EXTRACTED ENTRIES:
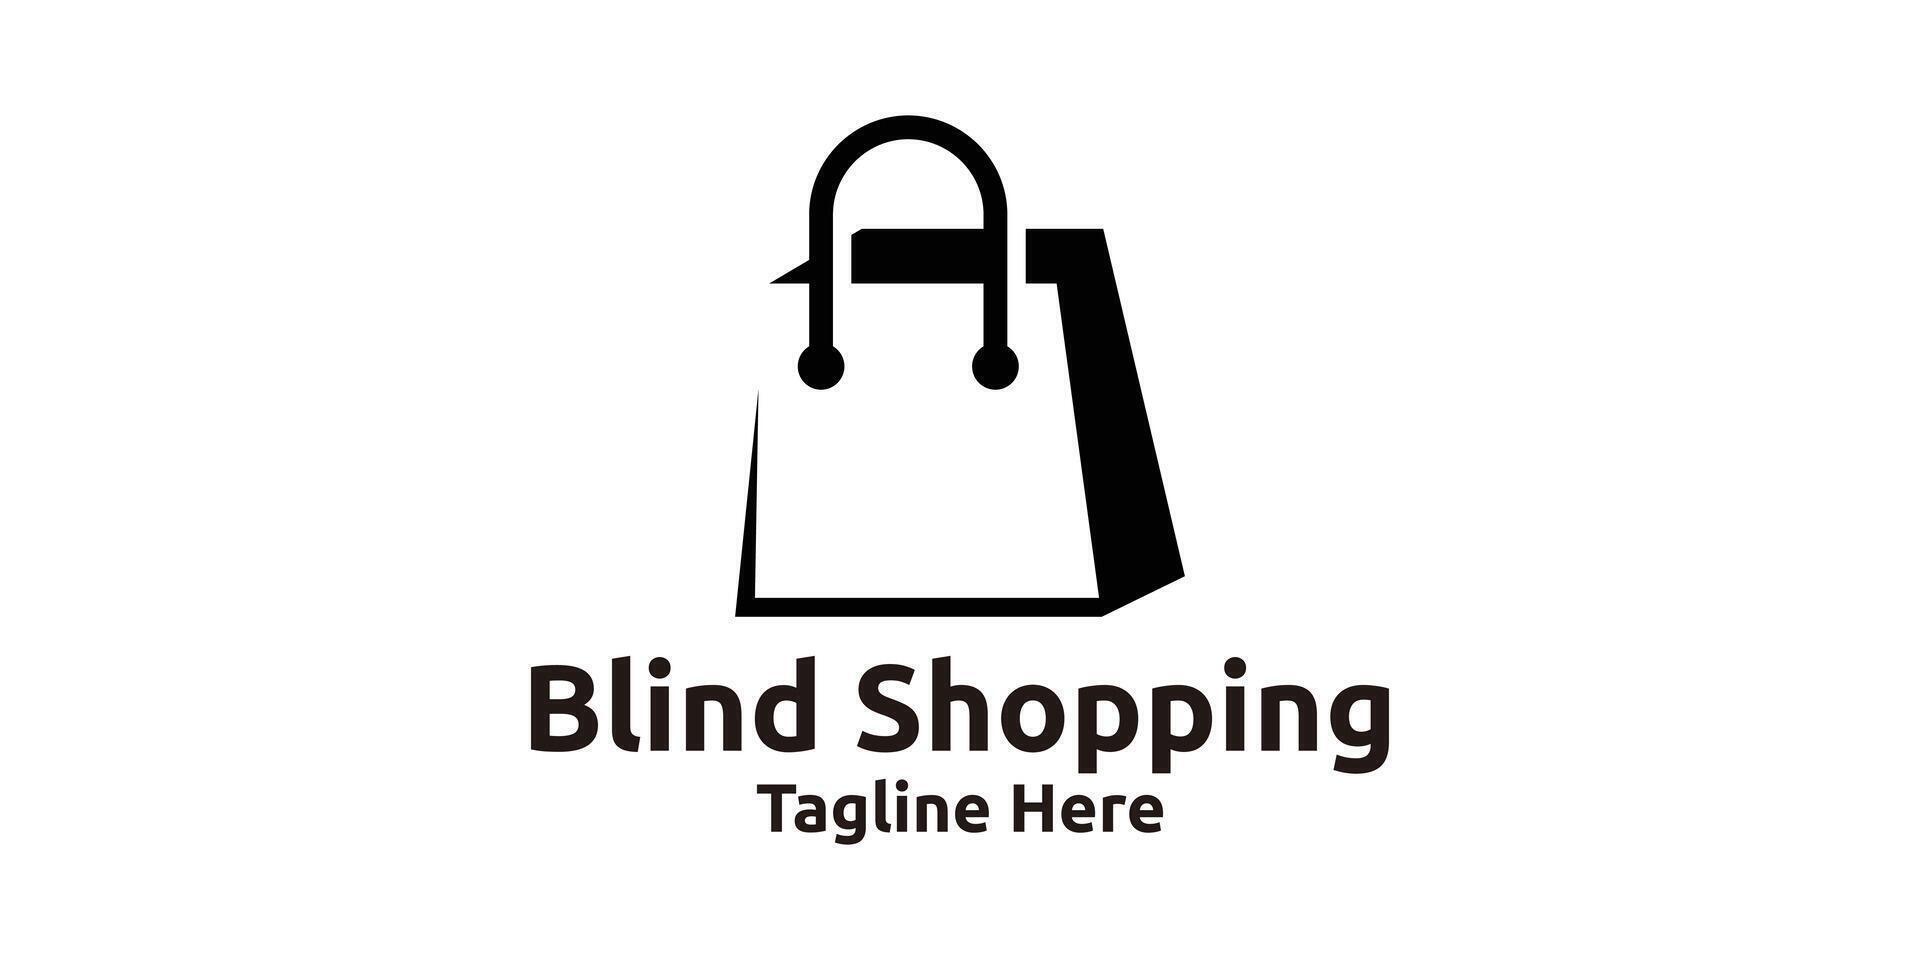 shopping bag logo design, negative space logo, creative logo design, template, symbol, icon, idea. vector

==

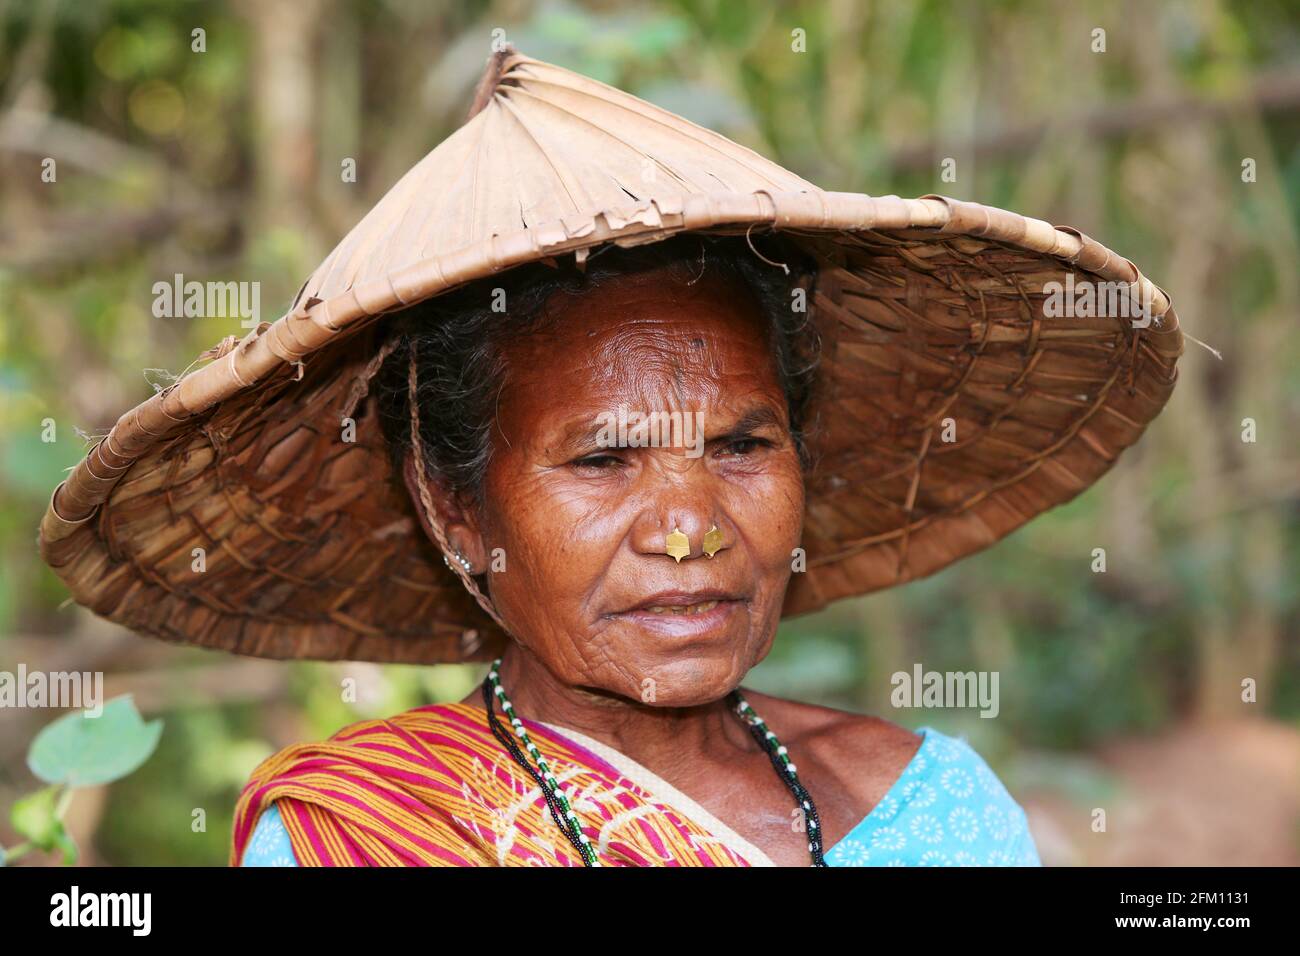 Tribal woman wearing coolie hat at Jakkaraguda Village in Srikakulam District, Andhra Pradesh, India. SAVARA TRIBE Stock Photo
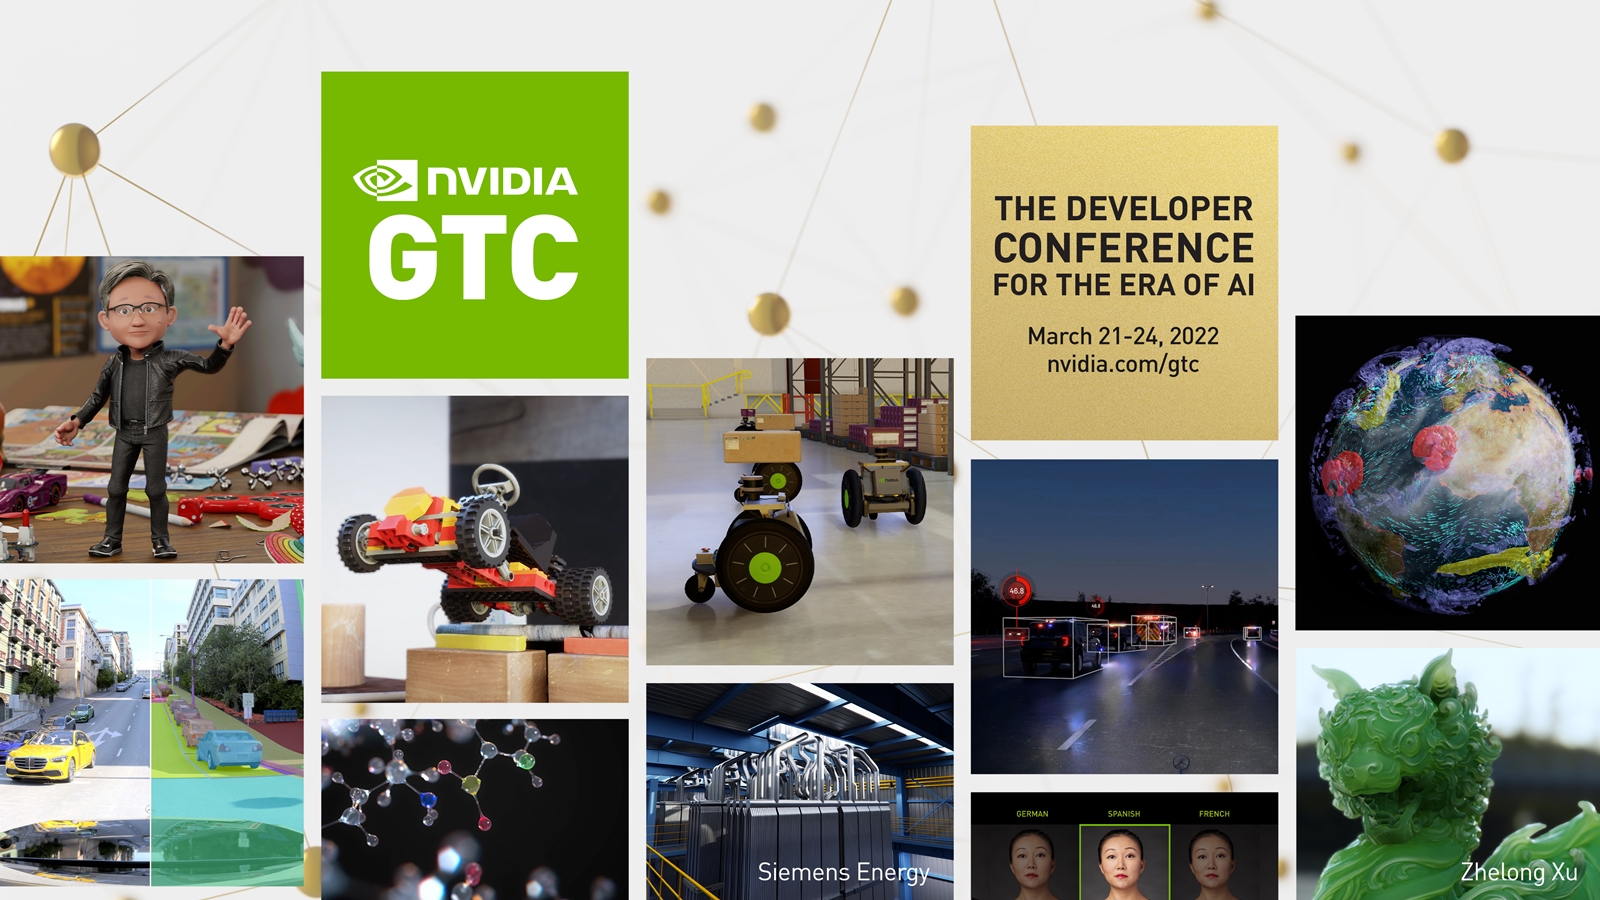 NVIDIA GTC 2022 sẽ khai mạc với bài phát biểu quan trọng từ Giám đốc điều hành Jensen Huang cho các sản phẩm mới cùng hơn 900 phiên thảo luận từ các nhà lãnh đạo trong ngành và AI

TASK DIRECTIONS: Please print the lines above word for word, starting at the one with "Tribal woman wearing" and ending at the one with "NVIDIA GTC 2022", both included, and without any picture.

TASK SOLUTION:
 Tribal woman wearing coolie hat at Jakkaraguda Village in Srikakulam District, Andhra Pradesh, India. SAVARA TRIBE Stock Photo
 NVIDIA GTC 2022 sẽ khai mạc với bài phát biểu quan trọng từ Giám đốc điều hành Jensen Huang cho các sản phẩm mới cùng hơn 900 phiên thảo luận từ các nhà lãnh đạo trong ngành và AI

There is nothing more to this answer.